Commit Graph

18 Commits

Author SHA1 Message Date
Shubham Mishra eeaa00a05f Commitlog offset index (#1671)
Signed-off-by: Shubham Mishra <shubham@clockworklabs.io>
Co-authored-by: Kim Altintop <kim@eagain.io>
2024-09-24 16:06:49 +00:00
Kim Altintop 0029ca5648 commitlog: Make commit module public, and allow access to header fields (#1685) 2024-09-10 08:16:32 +00:00
Kim Altintop 8338b53b8f commitlog: Fix single-commit bitflip test (#1528) 2024-07-19 05:57:53 +00:00
Jeremie Pelletier f91dcda283 Make some commitlog helpers public (#1390) 2024-07-09 18:02:58 +00:00
Kim Altintop ff851ae5fa commitlog: Make bitflip test a proptest (#1333)
* commitlog: Make bitflip test a proptest

The test sometimes fails. As a proptest, we'll be able to seed it with
failing inputs.

Fixes: #1167

* commitlog: Fix the bitflip test

Turns out we sometimes flipped a bit in the CRC32 itself, which makes
things go wrong in not the expected way.
2024-06-05 05:53:41 +00:00
Phoebe Goldman 18aa1d4299 Fix commitlog fold_transactions_from ignoring requested offset (#1330)
* Fix commitlog `fold_transactions_from` ignoring requested offset

Prior to this commit, `fold_transactions_from` on a durability backed by a commitlog
would discard the requested offset and unconditionally yield all txes in the relevant segments.

This commit changes that behavior so that `fold_transactions_from`
skips commitlog commits (which contain many txes) less than the reqested offset,
and skips txes using `consume_record`.

* Add `Decoder::skip_record`

Lucky I asked Kim whether I was using `consume_record` and `decode_record` correctly,
because I wasn't.

This commit adds methods to `Decoder` and `Visitor` for skipping records and rows,
causing them to be extracted from the reader but not folded.

* Fix test

Add new methods to `Decoder` and `Visitor` hidden away in a test I missed.
2024-06-03 22:37:43 +00:00
Kim Altintop 2c3fc66f21 Commitlog: panic on fsync failure (#985)
* commitlog: Panic on fsync failure

Errors returned by `fsync(2)` are particularly nefarious, as it is
mostly undefined what the state of the page cache is in this case.

Since the log is synced asynchronously and not after every write, it is
impossible to know up to which commit data can be considered durable --
except by reading the most recent segment from disk.

Therefore, the reasonable thing to do is to prevent any further use of
the log, and force users to re-load it from disk.

Note that this is only half of the solution: an application restart may
still read data from the page cache, which could be gone after a system
restart.

To fix this, we would need to employ direct I/O (i.e. `O_DIRECT`), which
however is beyond the scope of this patch as it invalidates the use of
most of `std::io`.

* commitlog: Handle duplicate commits when iterating

We cannot exclude the possibility of a false failure in I/O operations.
In particular, `EIO` errors are difficult to attribute to a particular
write, as they happen asynchronously during flush of the page cache.

Because we do not bypass the page cache, the possibility exists that a
particular commit is lost when it isn't, or that it is considered
durable when it isn't.

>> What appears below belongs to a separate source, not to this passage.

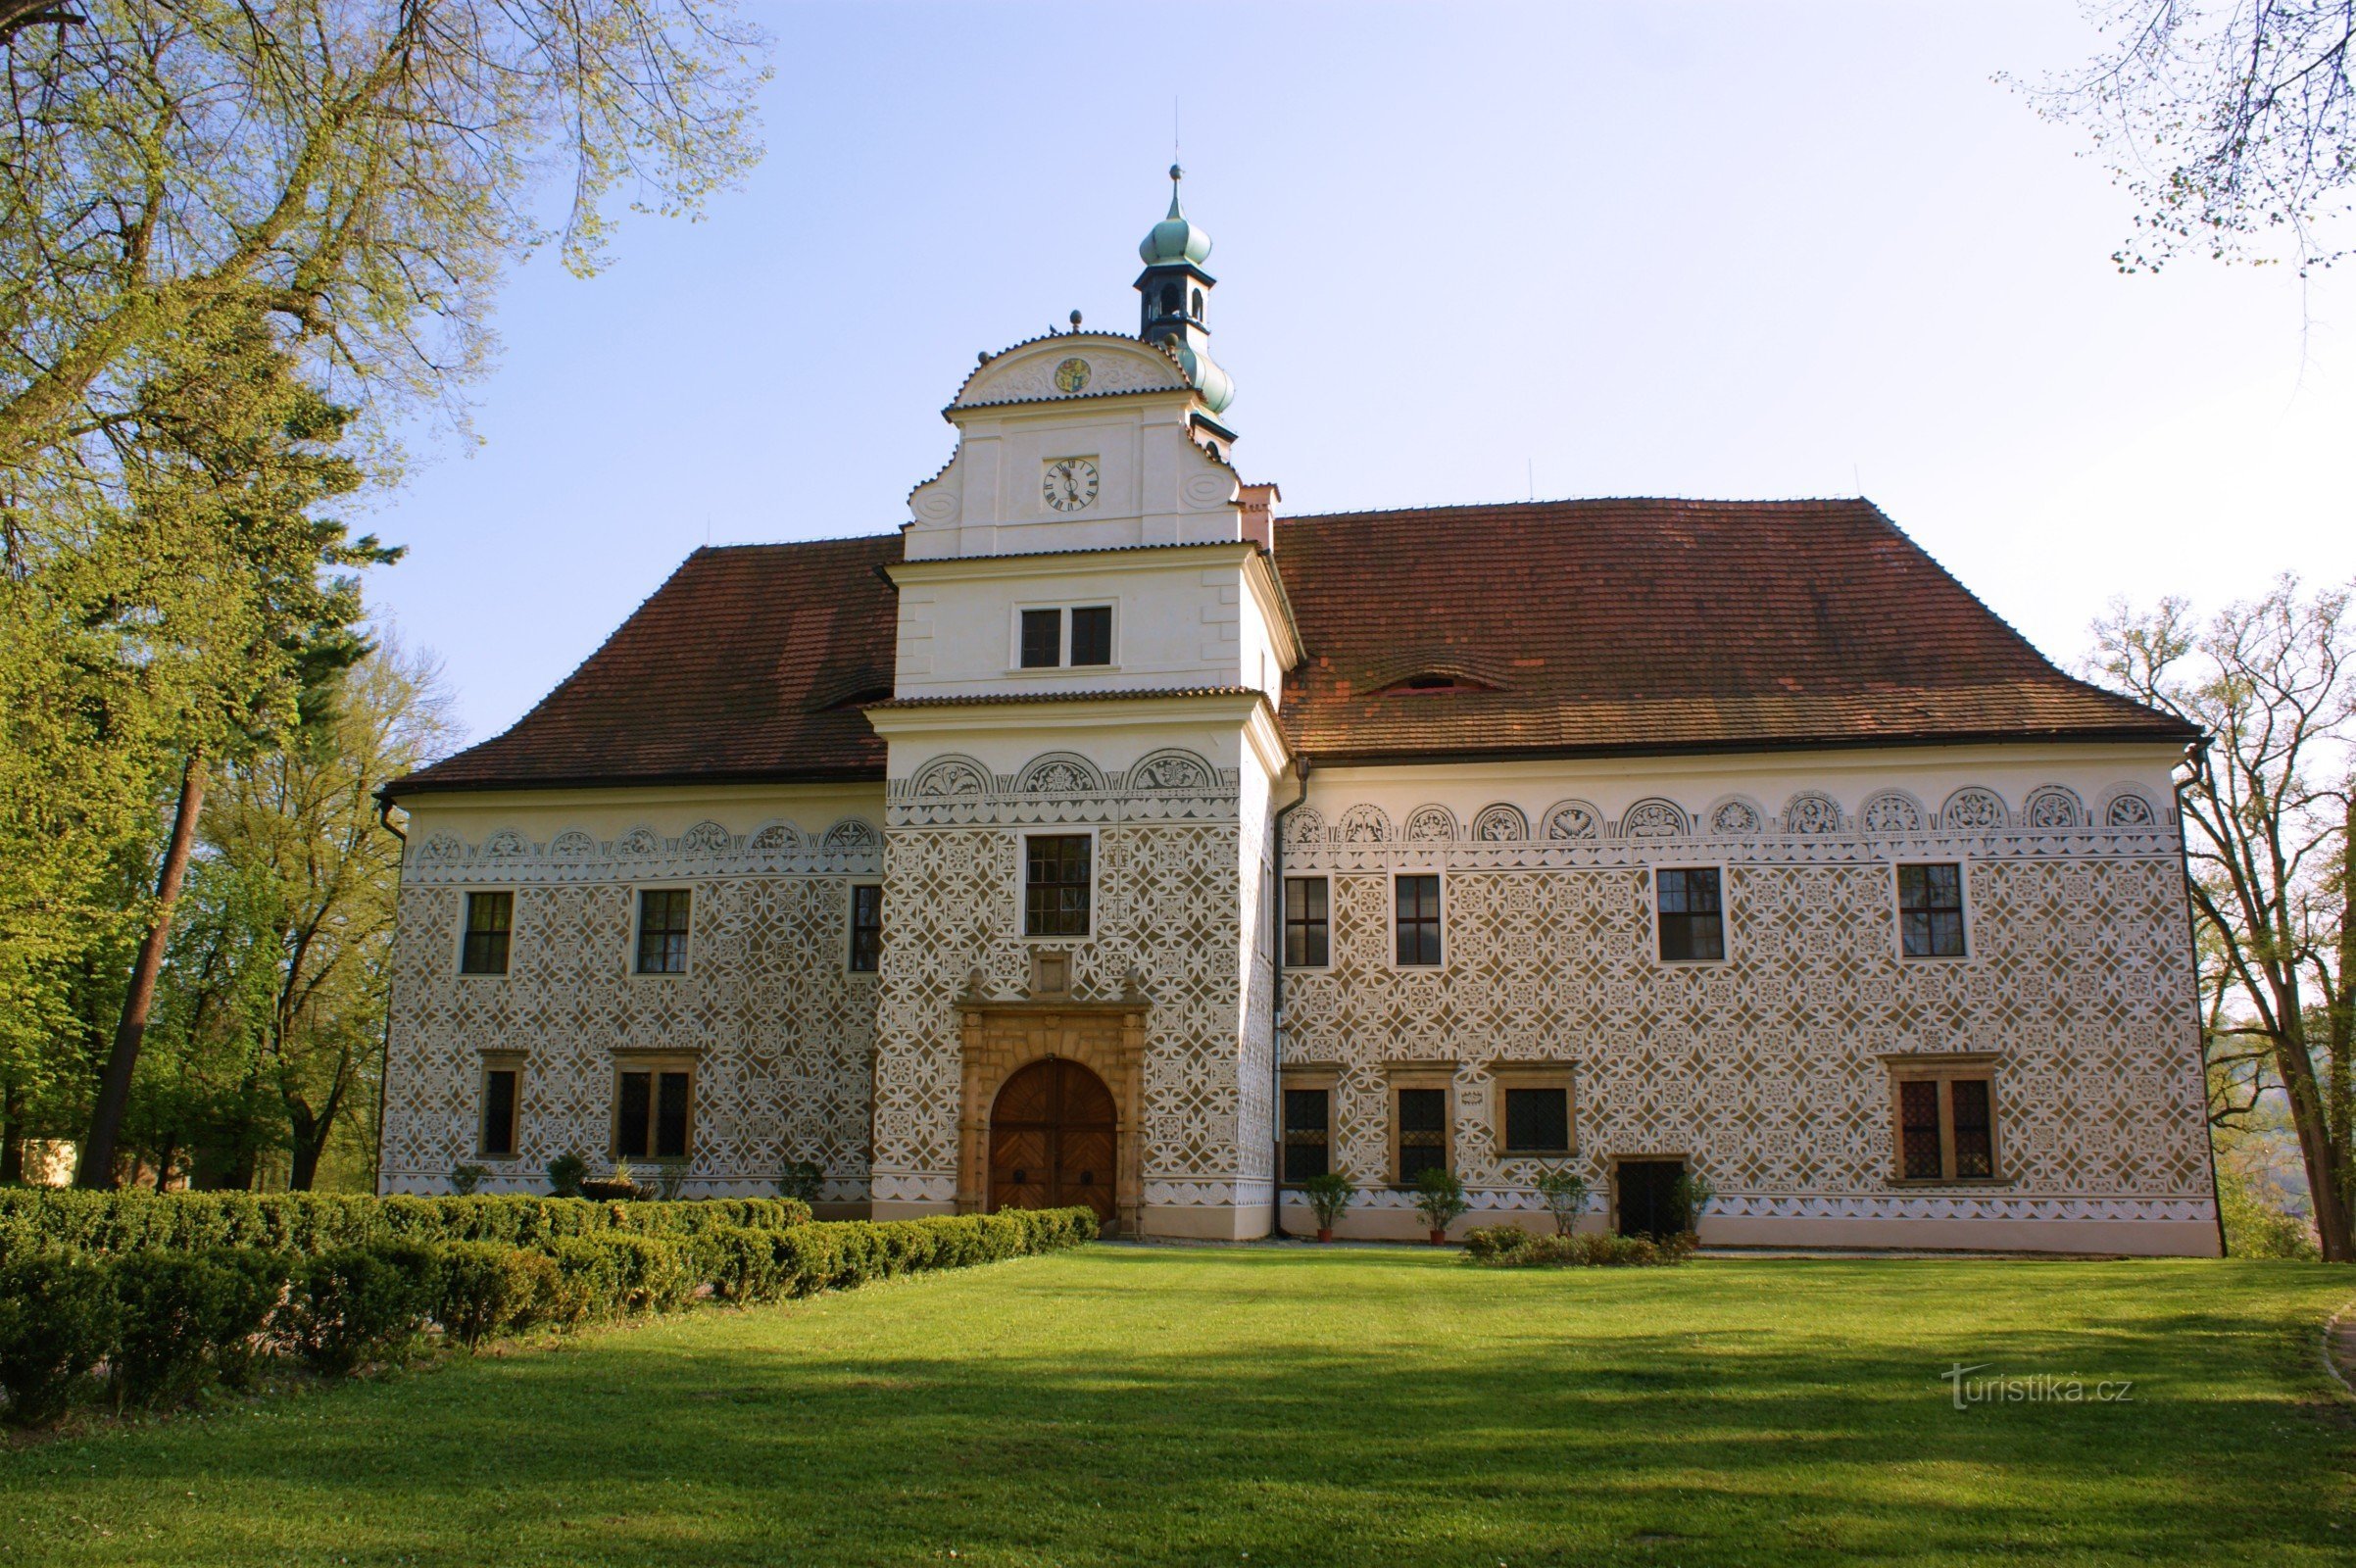 Château Doudleby nad Orlicí un joyau de la Bohême orientale
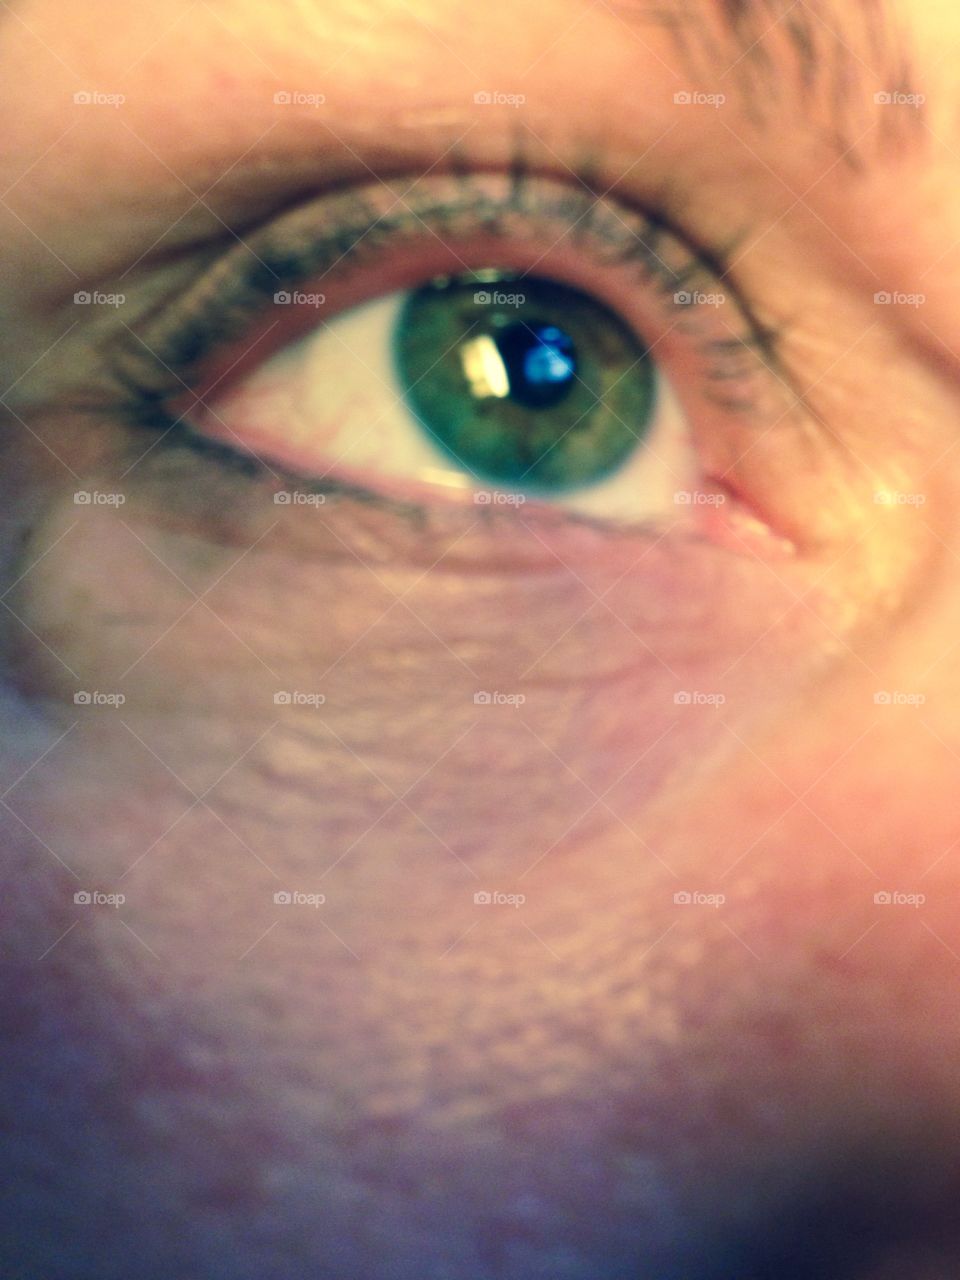 My eye close up

The former could lead to duplicate commits
appearing in the log, while the latter could lead to a matching offset
number, but with different commit payload.

This patch thus ignores duplicates, and introduces a new error variant
in the event the offset matches but the checksum doesn't.

* durability: Manage the flush-and-sync task in this crate

Since syncing the commitlog may now panic, it is more obvious to handle
all async tasks here, so as to be able to handle the panic cases.

Namely, if the `FlushAndSyncTask` panics, the `PersisterTask` is
aborted. This will lead to the channel receiver being dropped, which in
turn will cause the next `append_tx` call to panic.

* commitlog: Remove async flush-and-sync

Due to panic behaviour, it is now preferable to manage periodic sync at
the use site of the commitlog crate.

Hence remove `flush_and_sync_every` method, and with it the dependency
on tokio.
2024-05-28 18:22:38 +00:00
Kim Altintop 61613ca7a8 commitlog: Allow folds to not allocate Mutations values (#1215)
The documentation promised to not collect payload values during folds
(i.e. replaying), but the code did so anyway. This patch makes it so
only values required to satisfy the `Visitor` trait are allocated when
folding.
2024-05-13 09:35:09 +00:00
Kim Altintop 06d5481dfb commitlog: Support traversal without opening the log (#1103)
Traversing the commitlog without also making it available for writing
would still require upfront I/O imposed by the `open` constructor.

Avoid that by introducing free-standing functions which start traversal
right away.
2024-04-19 18:08:41 +00:00
Kim Altintop 2894d364fb core: Store inputs (reducer info + args) in commitlog (#1091)
Prerequisite for auto-disconnect after a database crash, requested for
analytics purposes.
2024-04-18 20:16:52 +00:00
Kim Altintop 4cd17d7e00 core: Don't persist empty transactions (#1086)
Fix a minor bug where completely empty transactions would still be
written to the commitlog. The bug is minor because, once we start
logging inputs, all transactions will be non-empty.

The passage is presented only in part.